**Given material**

========

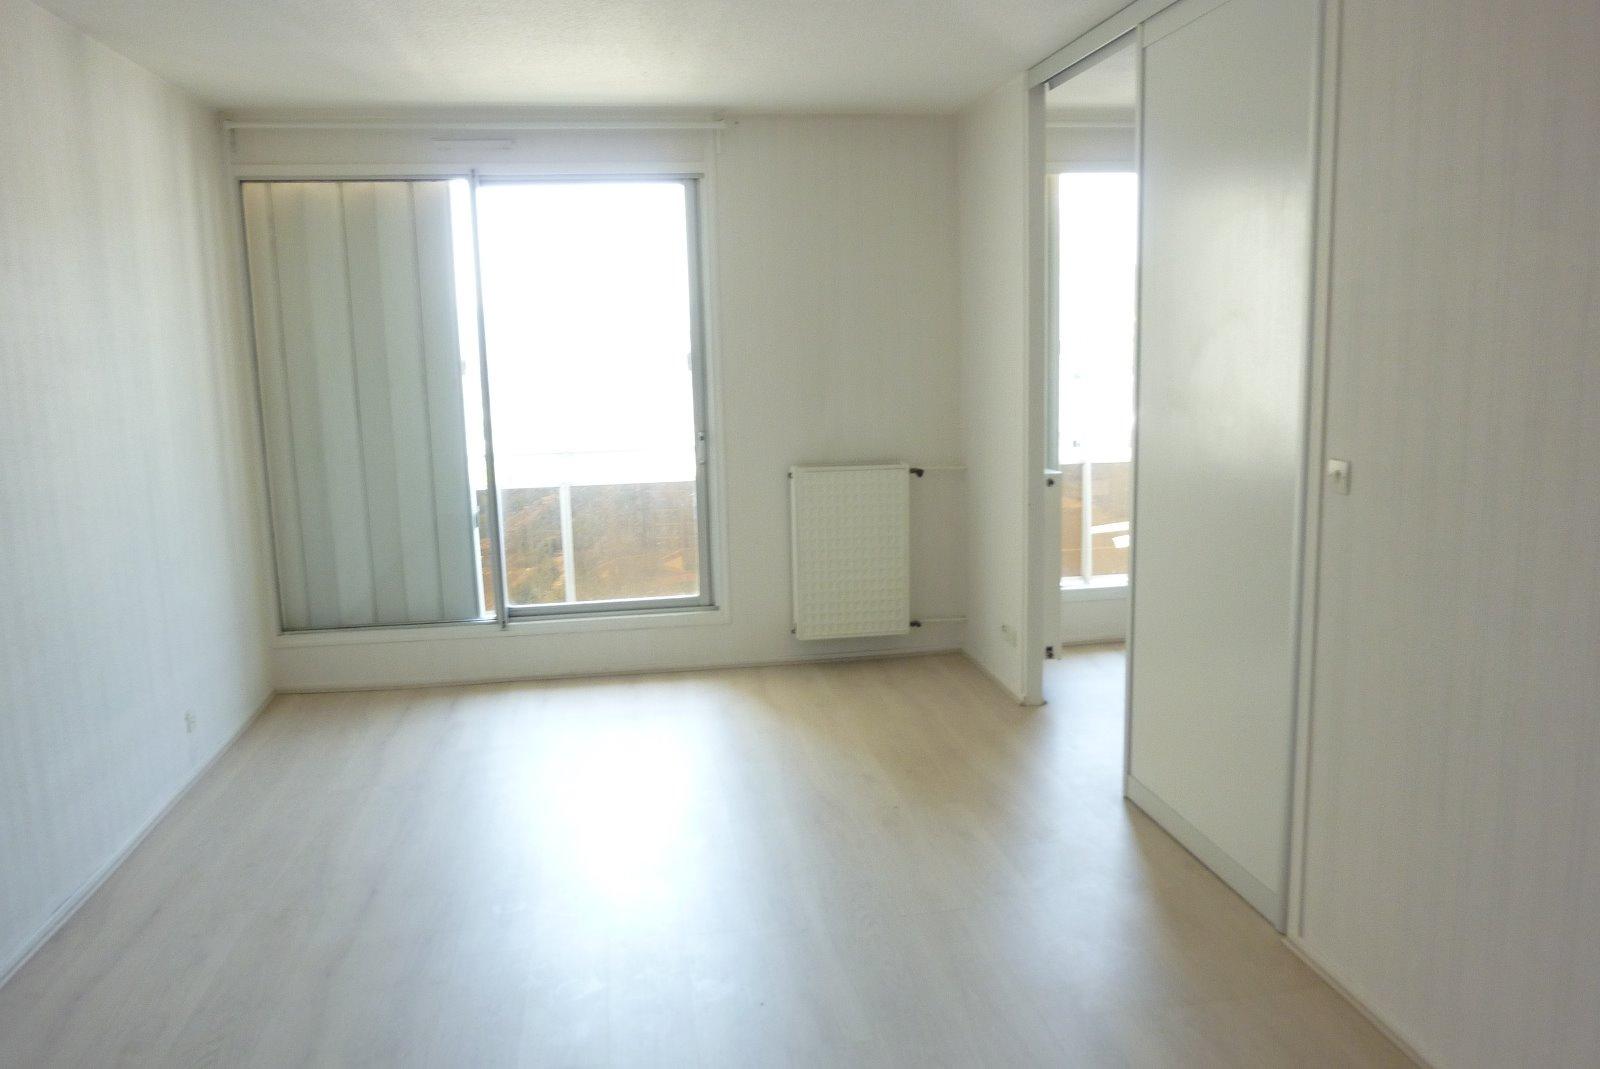 annonce vente appartement clermont ferrand 63100 67 m 59 000 992738370111. Black Bedroom Furniture Sets. Home Design Ideas
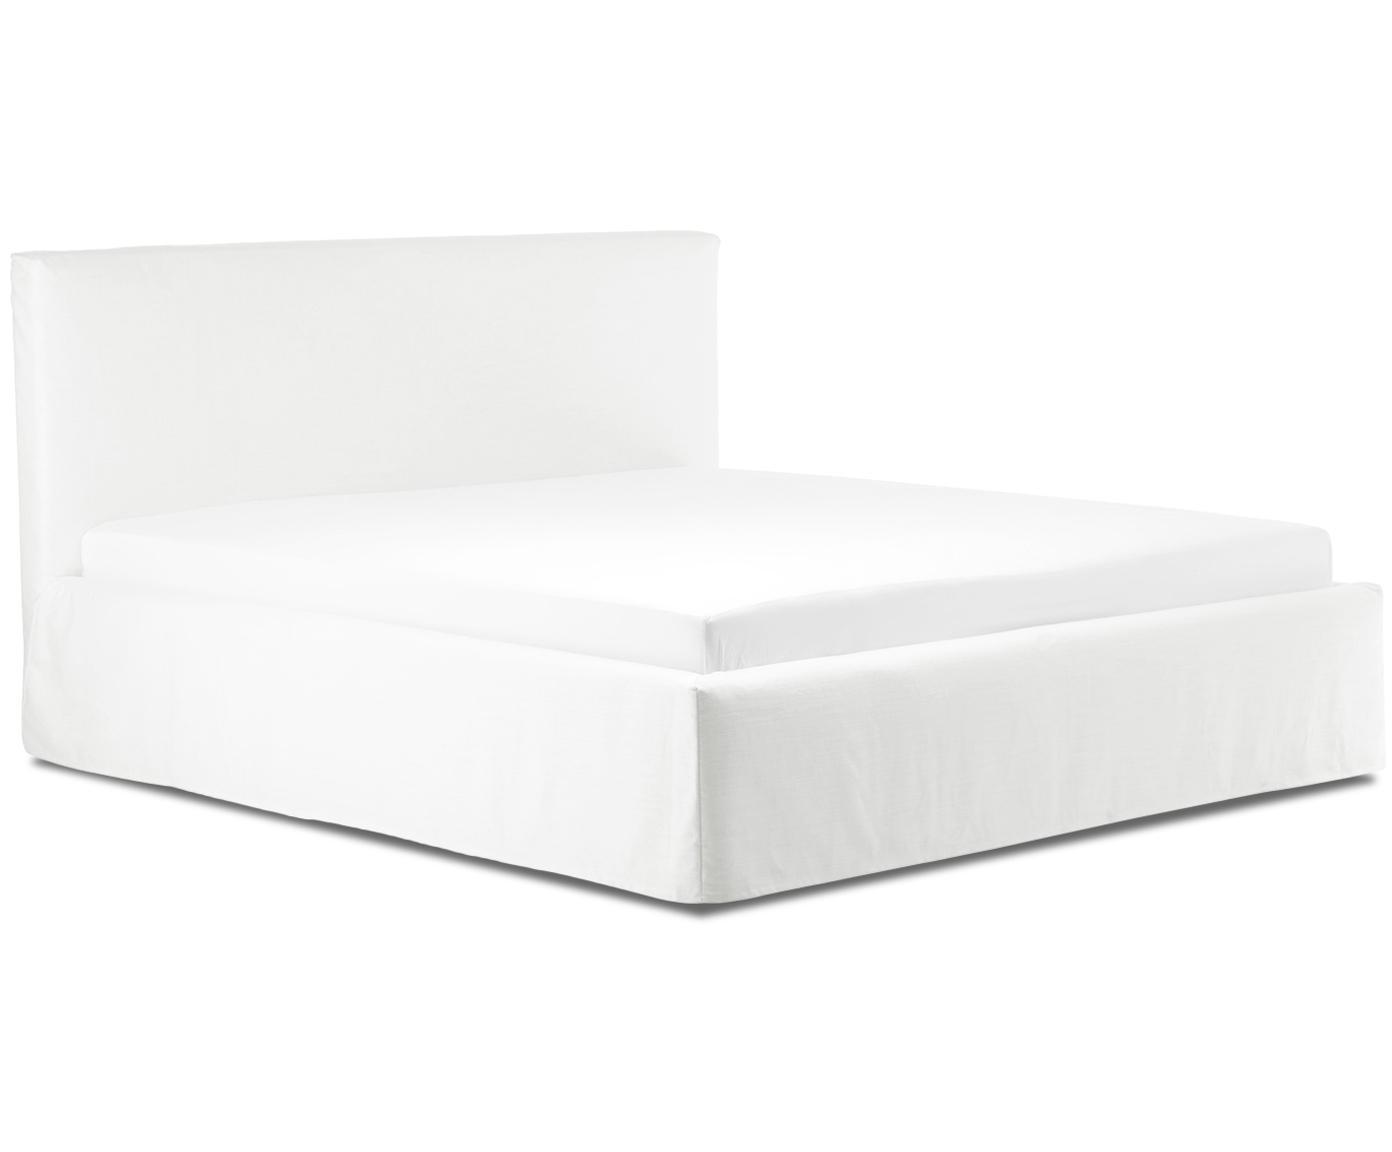 Gestoffeerd bed Feather met opbergfunctie, Frame: massief grenenhout, Bekleding: polyester (structuurmater, Crèmewit, 160 x 200 cm
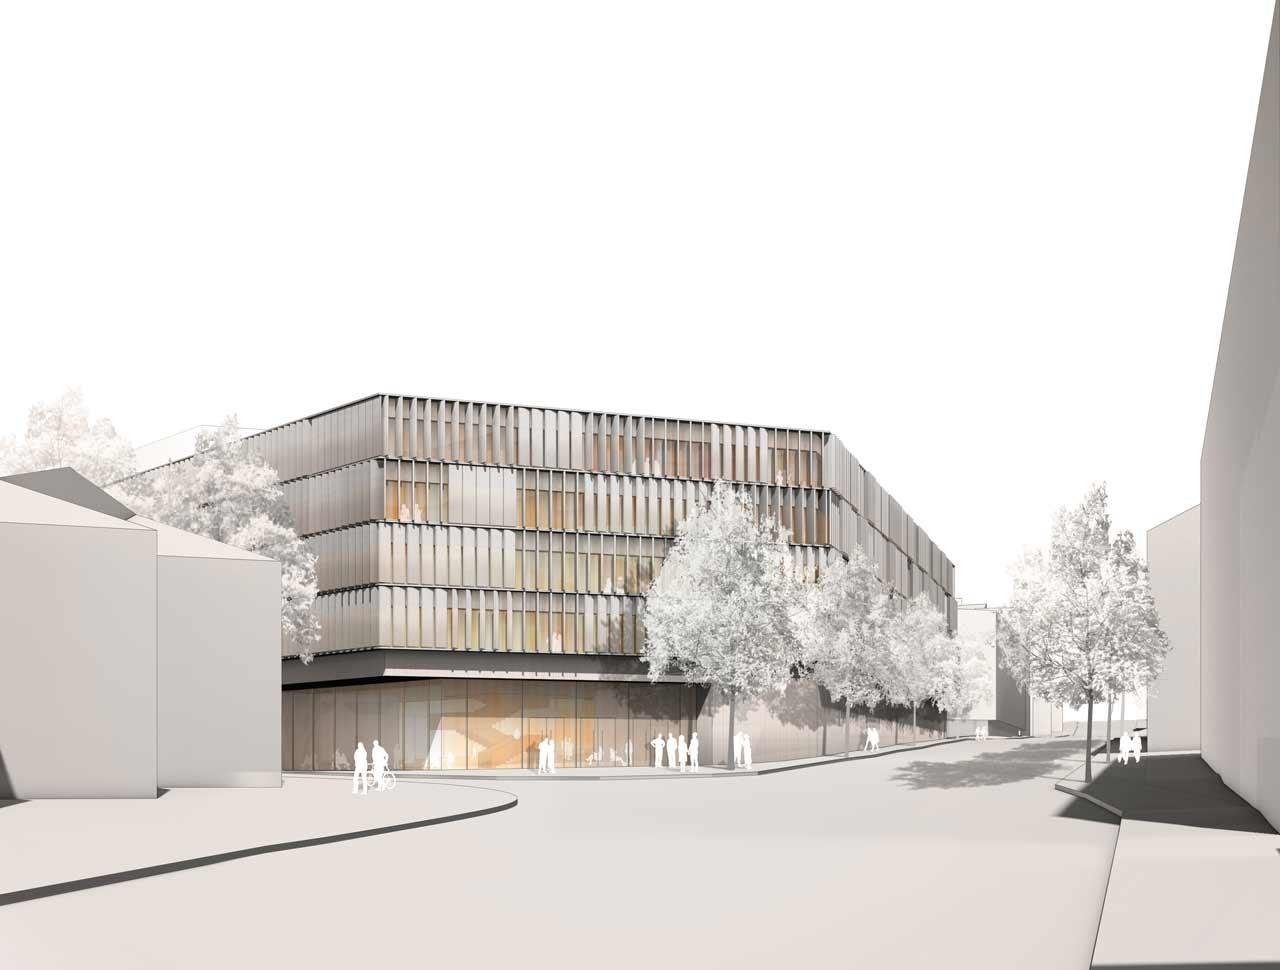 Stuttgart, Duale Hochschule

========

**What you should do**
Omit every picture while printing the data word for word.

**Result of the task**
 annonce vente appartement clermont ferrand 63100 67 m 59 000 992738370111. Black Bedroom Furniture Sets. Home Design Ideas
 Gestoffeerd bed Feather met opbergfunctie, Frame: massief grenenhout, Bekleding: polyester (structuurmater, Crèmewit, 160 x 200 cm
 Stuttgart, Duale Hochschule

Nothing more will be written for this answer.